Task to complete =
For the records below, please print exactly and only the lines from the one with "La Reine reçoit" down to the one with "محبوب ترین بک", both ends included, omitting the pictures.

-- Information supplied follows --

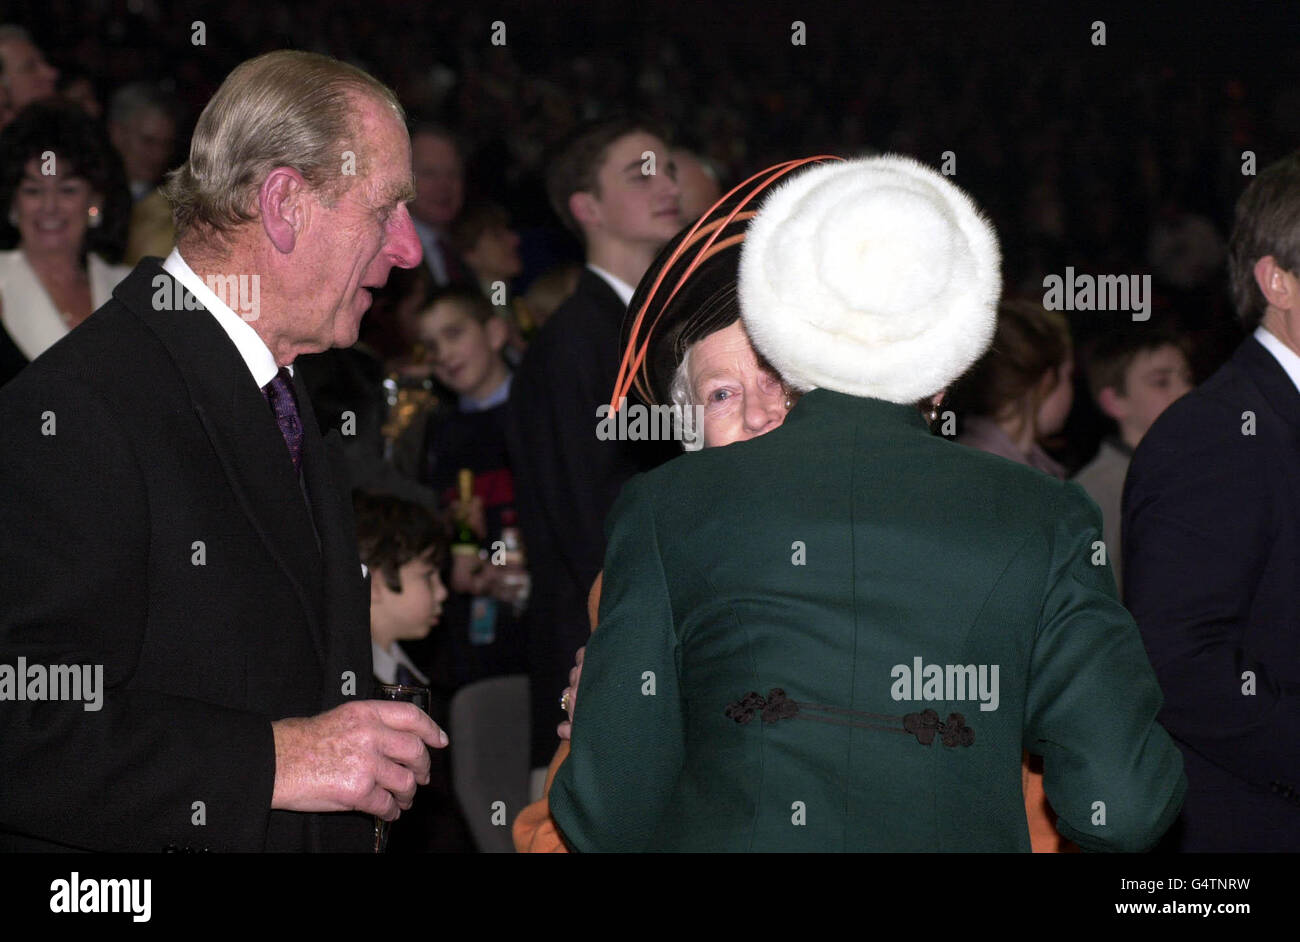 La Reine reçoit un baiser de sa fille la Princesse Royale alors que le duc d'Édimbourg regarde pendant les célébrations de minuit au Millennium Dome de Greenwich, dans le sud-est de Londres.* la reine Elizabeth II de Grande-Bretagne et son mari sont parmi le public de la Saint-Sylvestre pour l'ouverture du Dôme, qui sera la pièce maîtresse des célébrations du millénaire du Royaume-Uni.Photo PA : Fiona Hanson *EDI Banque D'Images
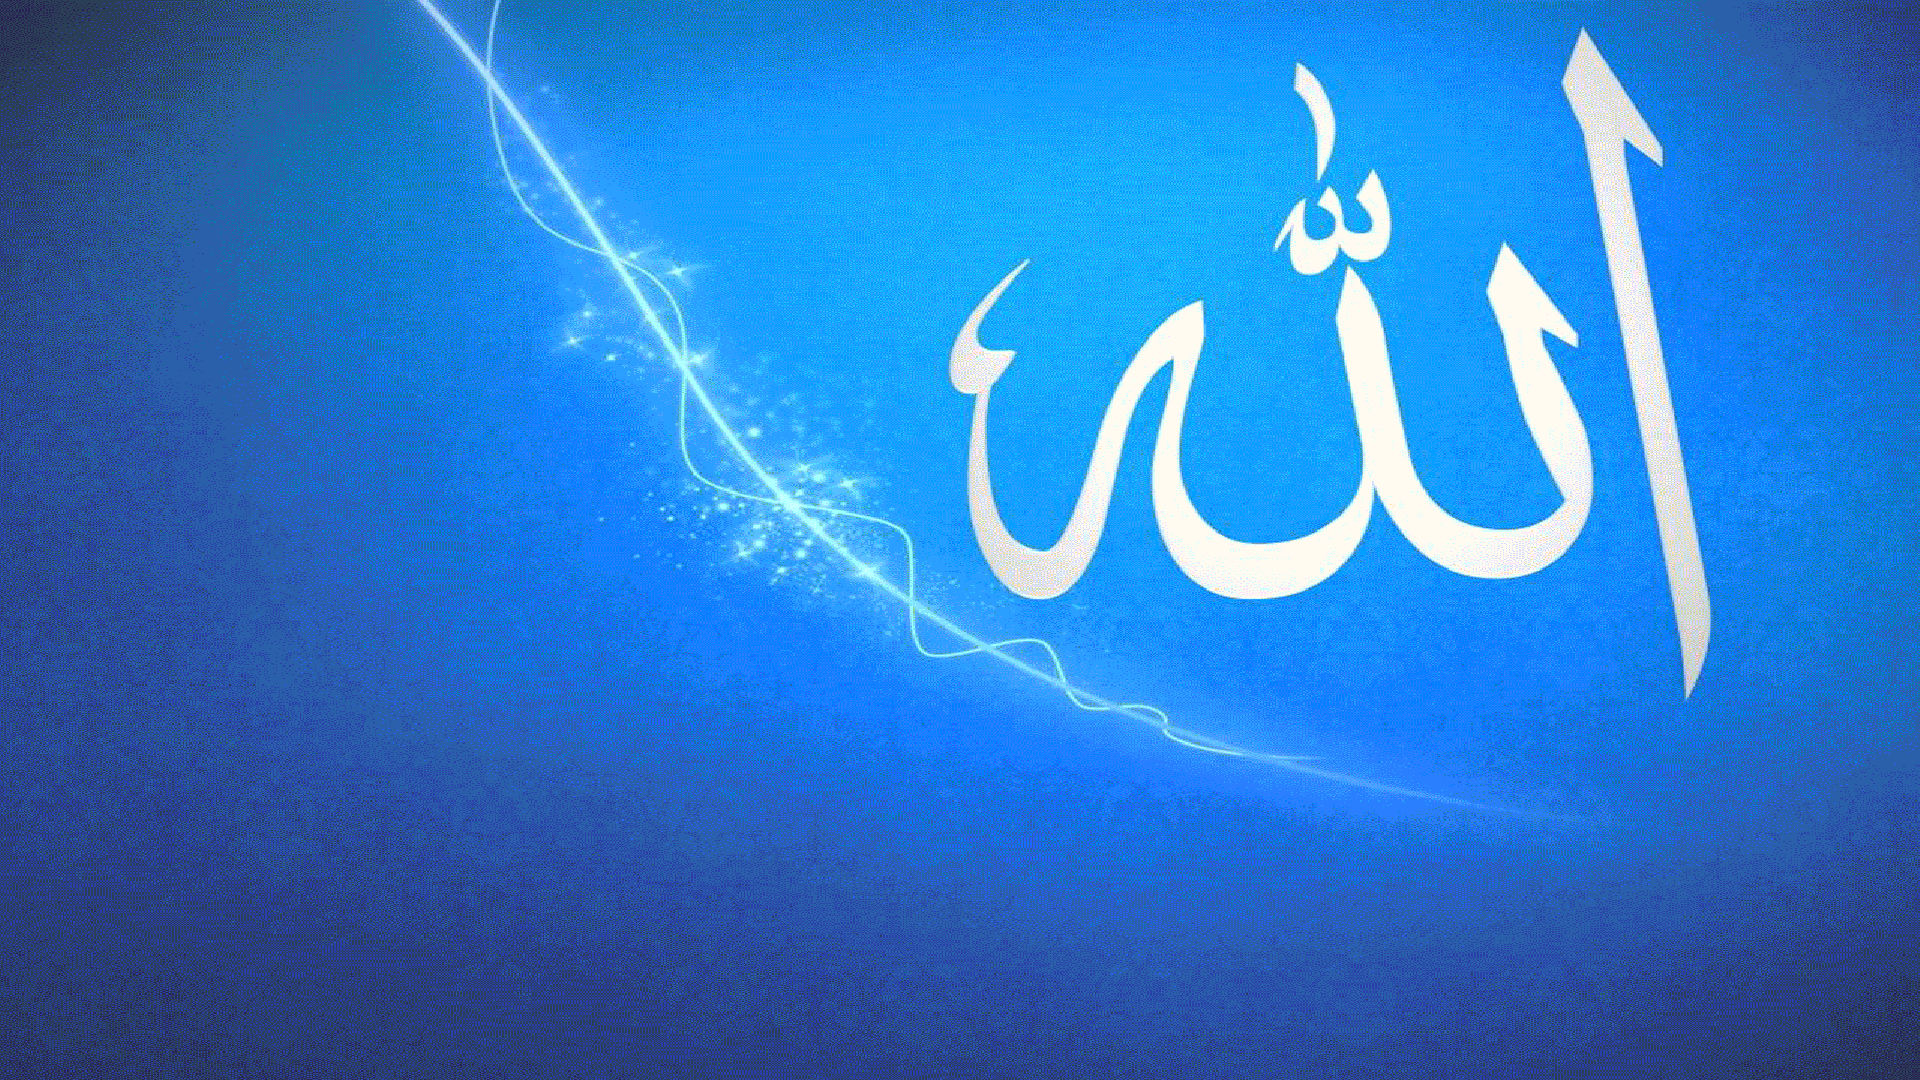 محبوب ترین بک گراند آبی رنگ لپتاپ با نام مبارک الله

-- Information supplied concluded --
-- Information supplied follows --

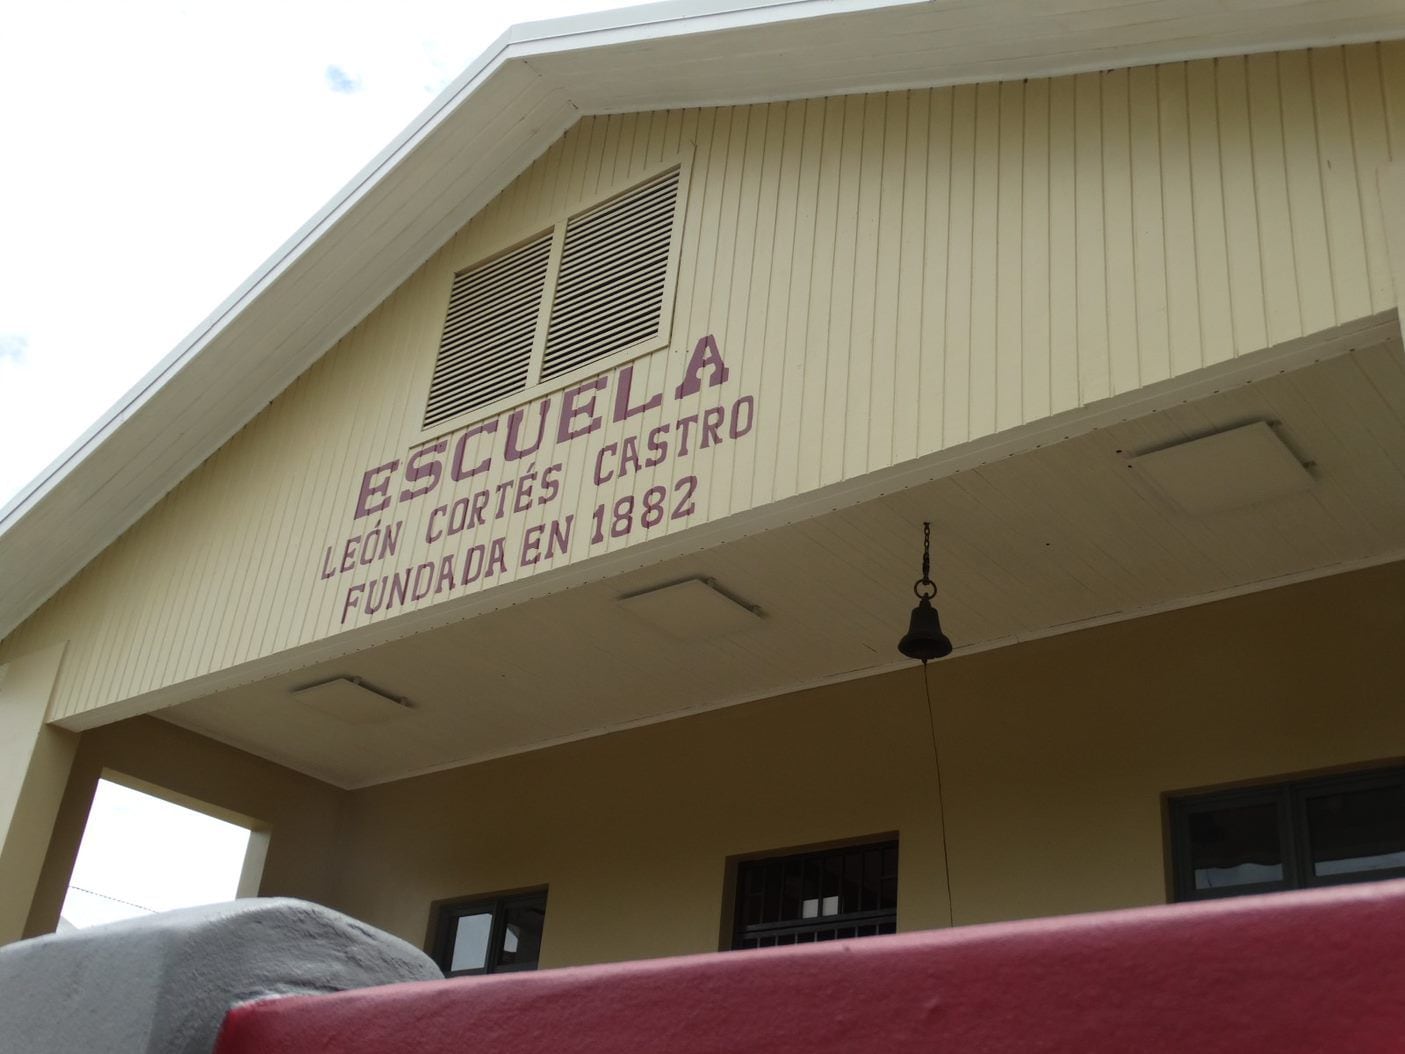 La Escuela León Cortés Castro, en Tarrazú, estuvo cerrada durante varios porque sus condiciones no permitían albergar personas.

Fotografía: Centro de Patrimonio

-- Information supplied concluded --
-- Information supplied follows --

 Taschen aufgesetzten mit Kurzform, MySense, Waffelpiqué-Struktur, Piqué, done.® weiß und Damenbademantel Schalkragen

-- Information supplied concluded --

Result =
 La Reine reçoit un baiser de sa fille la Princesse Royale alors que le duc d'Édimbourg regarde pendant les célébrations de minuit au Millennium Dome de Greenwich, dans le sud-est de Londres.* la reine Elizabeth II de Grande-Bretagne et son mari sont parmi le public de la Saint-Sylvestre pour l'ouverture du Dôme, qui sera la pièce maîtresse des célébrations du millénaire du Royaume-Uni.Photo PA : Fiona Hanson *EDI Banque D'Images
 محبوب ترین بک گراند آبی رنگ لپتاپ با نام مبارک الله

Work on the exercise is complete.